Вот только с Викентичем они уже сжились, да и пилот он первоклассный — водит всё, что ездит, летает и даже плавает. А вот каким будет новый человек — ещё вопрос. А в том, что будет — Алексей не сомневался. И с Мишей отношения, вроде, наладились. Поначалу Оболенский вечерами расспрашивал его о "другом мире", но вскоре потерял интерес, поняв, что тот не сильно отличается от мира этого. А вот с Голицыным всё было не так радужно. Дмитрий Александрович категорически отказывался возвращаться к нормальному общению.
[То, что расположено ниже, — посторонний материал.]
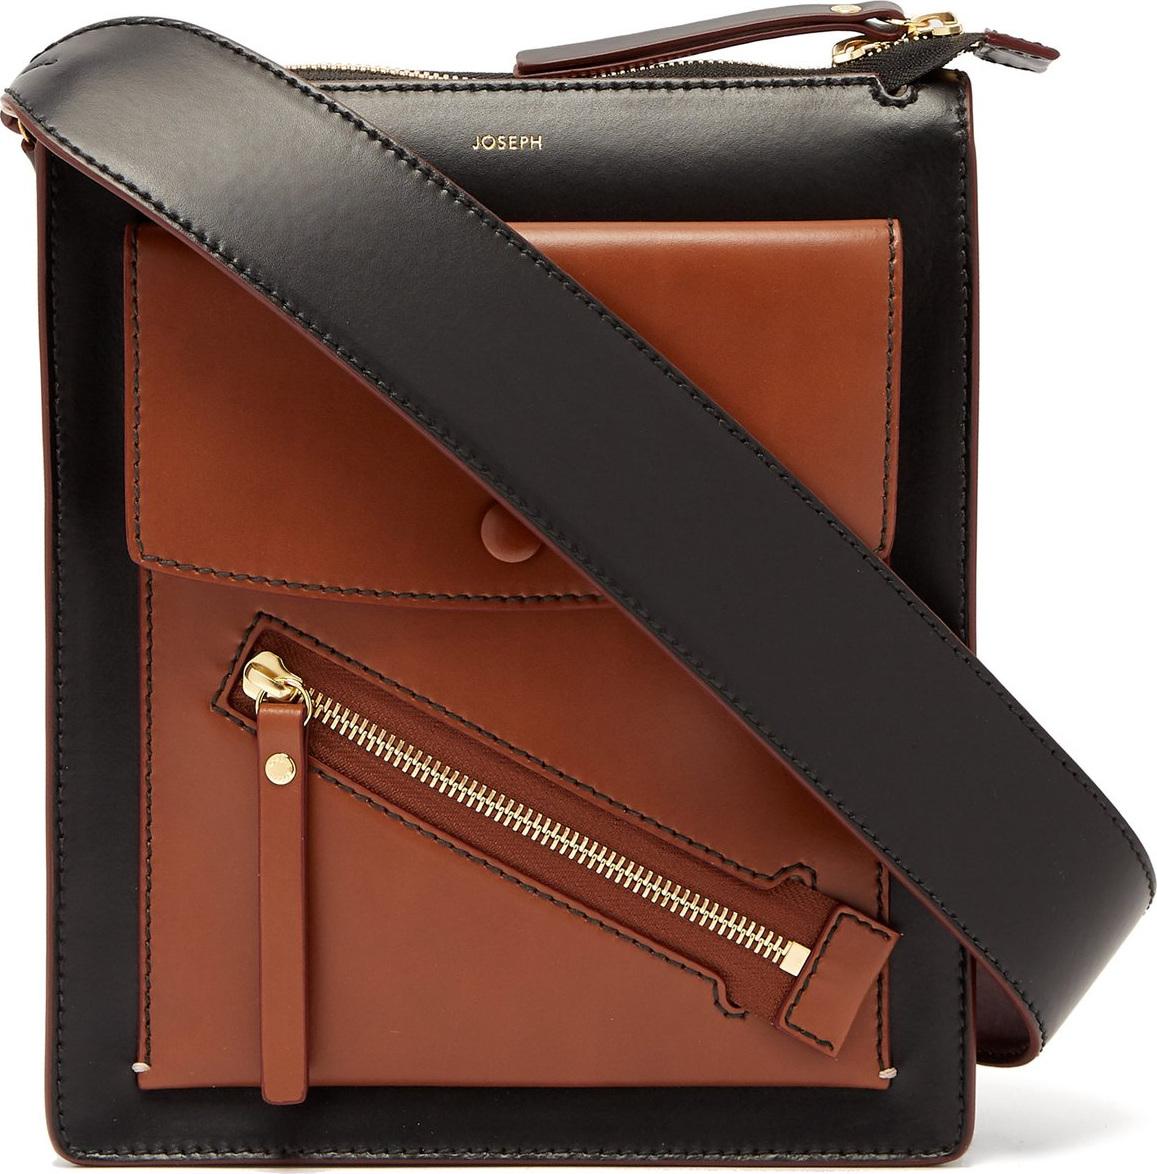 Joseph - Mortimer leather shoulder bag

— Вы, Дмитрий Александрович, не спешили бы смотреть на меня так осуждающе, — вздохнул Алексей, когда вечером они все втроём собрались в бильярдной. — Да, я многого не знаю, но и не скрываю своей некомпетентности. Я всегда готов выслушать пояснения и советы, равно как и принять их. Вы, вот, в тонкостях этикета — как рыба в воде, но это в России. А как только окажетесь в другой стране, то никто не даст гарантии, что не попадёте в неловкое положение из-за недостаточного знания традиций.
— Честь — она везде одна! — заявил Голицын.
— Да только отстаивают её по разному. Есть страны, где вас могут арестовать только за ношение оружия, а за обладание даром — так и вовсе сжечь, как ведьмака.
Алексей доподлинно не знал, существуют в этом мире такие места или нет. Он всего лишь мысленно перенёс Голицына в свой родной мир. Тот, видимо, тоже не был уверен, что обладание стихией везде считается Божьим Даром, а не проклятием лукавого, поэтому задумался. А уже перед самым сном позвонил Сергей Максимович.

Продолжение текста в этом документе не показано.